My Mind Is In A Little Box
/Whether it's Blue Monday or TGIF, when it's -23 that's a good enough reason to sink deep into the blues. Thankfully, I've been reading Flannery O'Connor's Dear God Prayers as I work through the challenges of some of my writing projects. It's my way of staying out of the blue zone.
My mind is in a little box, dear God, down inside other boxes inside other boxes and on and on. There is very little air in my box. Dear God, please give me as much air as it is not presumptuous to ask for. Please let some light shine out of all the things around me so that I can.
What it amounts to I suppose is be selfish. Is there no getting around that, dear God? No escape from ourselves? Into something bigger? Oh dear God I want to write a novel, a good novel. I want to do this for a good feeling & for a bad one. The bad one is uppermost.
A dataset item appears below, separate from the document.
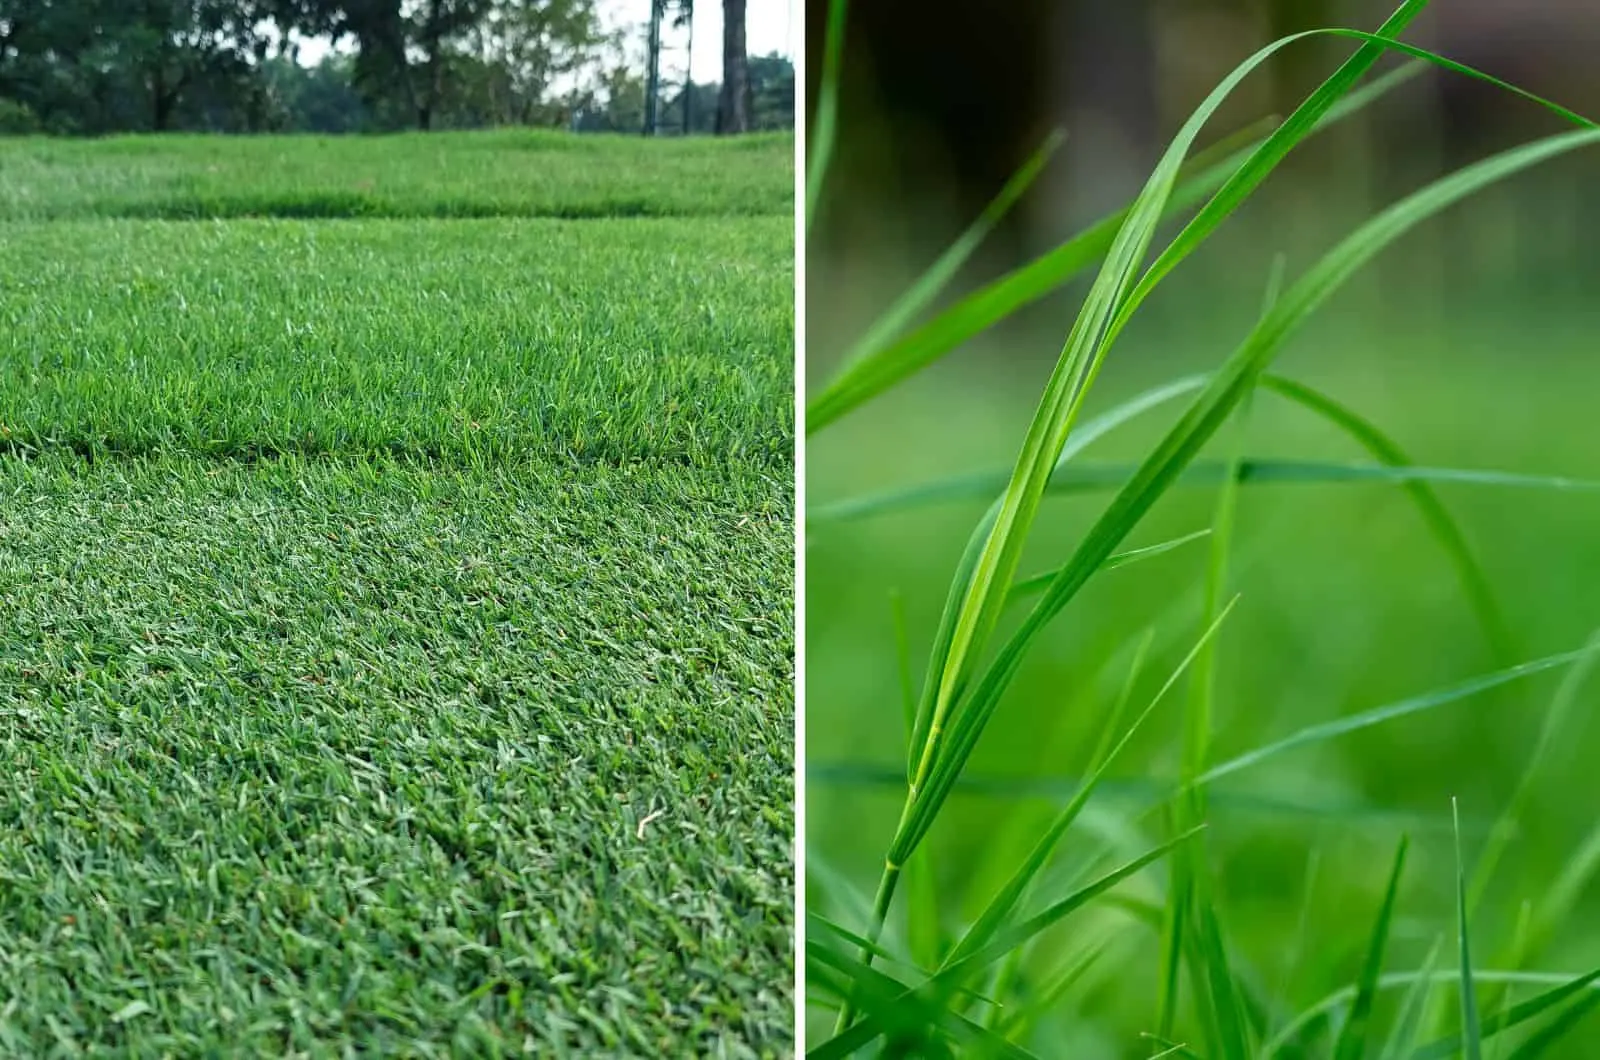 Zoysia and Bermuda grass photos side by side
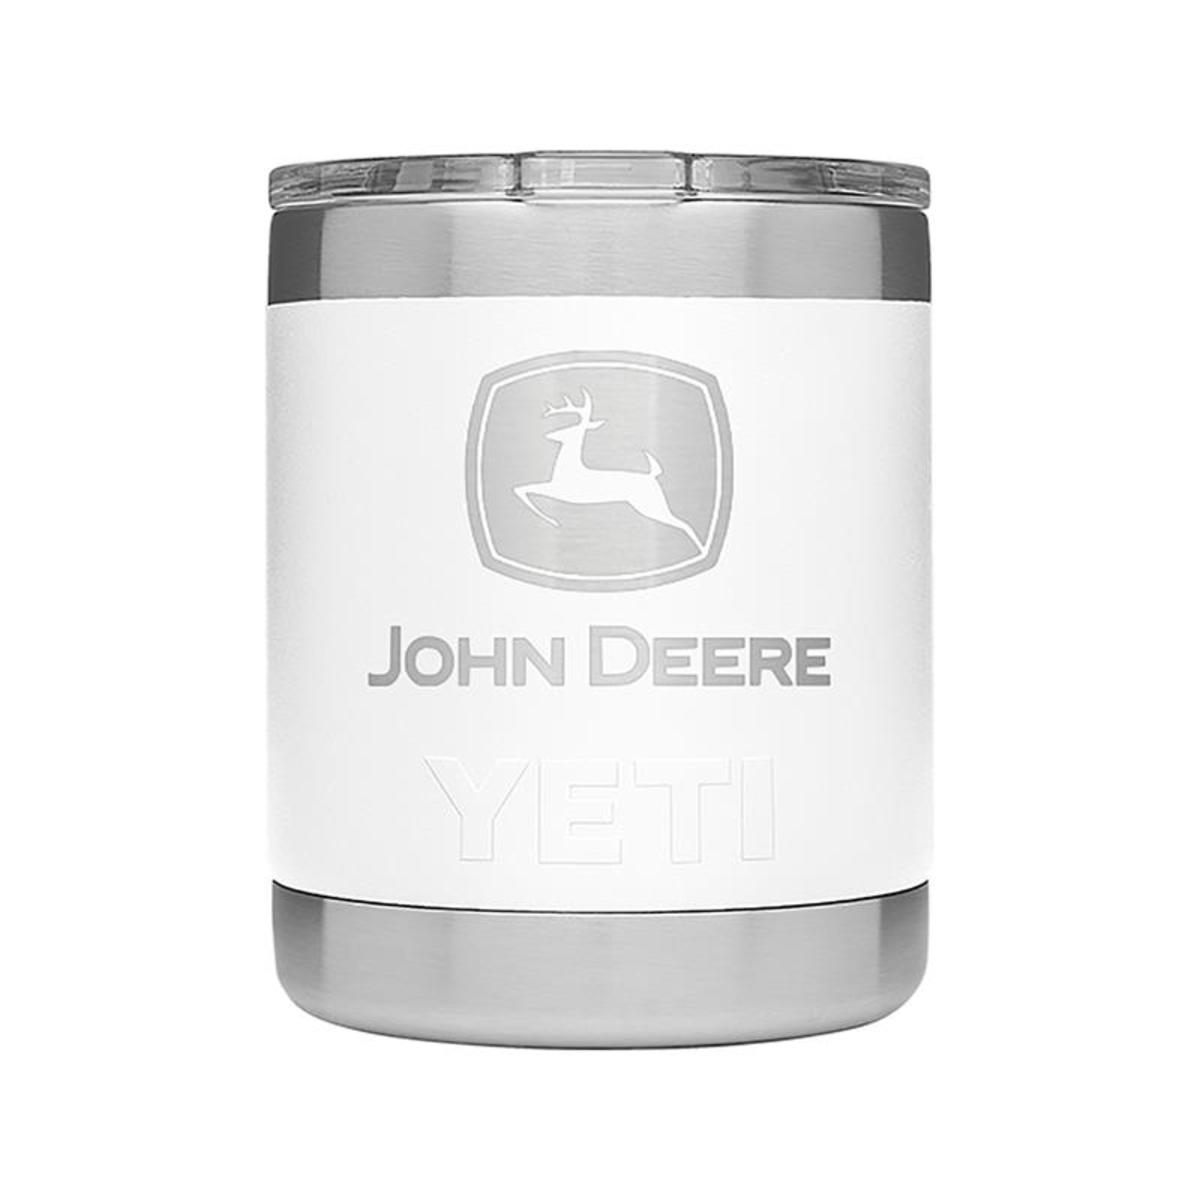 John Deere Yeti Limited Edition 30-oz Tumbler - LP82755

The psychologists say it is the natural one. Let me get away dear God from all things thus “natural.” Help me to get what is more than natural into my work—help me to love & bear with my work on that account. If I have to sweat for it, dear God, let it be as in Your service. I would like to be intelligently holy. I am a presumptuous fool, but maybe the vague thing in me that keeps me in is hope.
Flannery O'Connor wrote stories about the grotesque and unimaginable circumstances of life and trusted that her readers would discover grains of truth that might open their minds to new ways of understanding the gospel. A huge risk, I say, and yet I seem to be following a similar path -- writing stories, memoir, poetry, in hopes that I would be intelligently holy.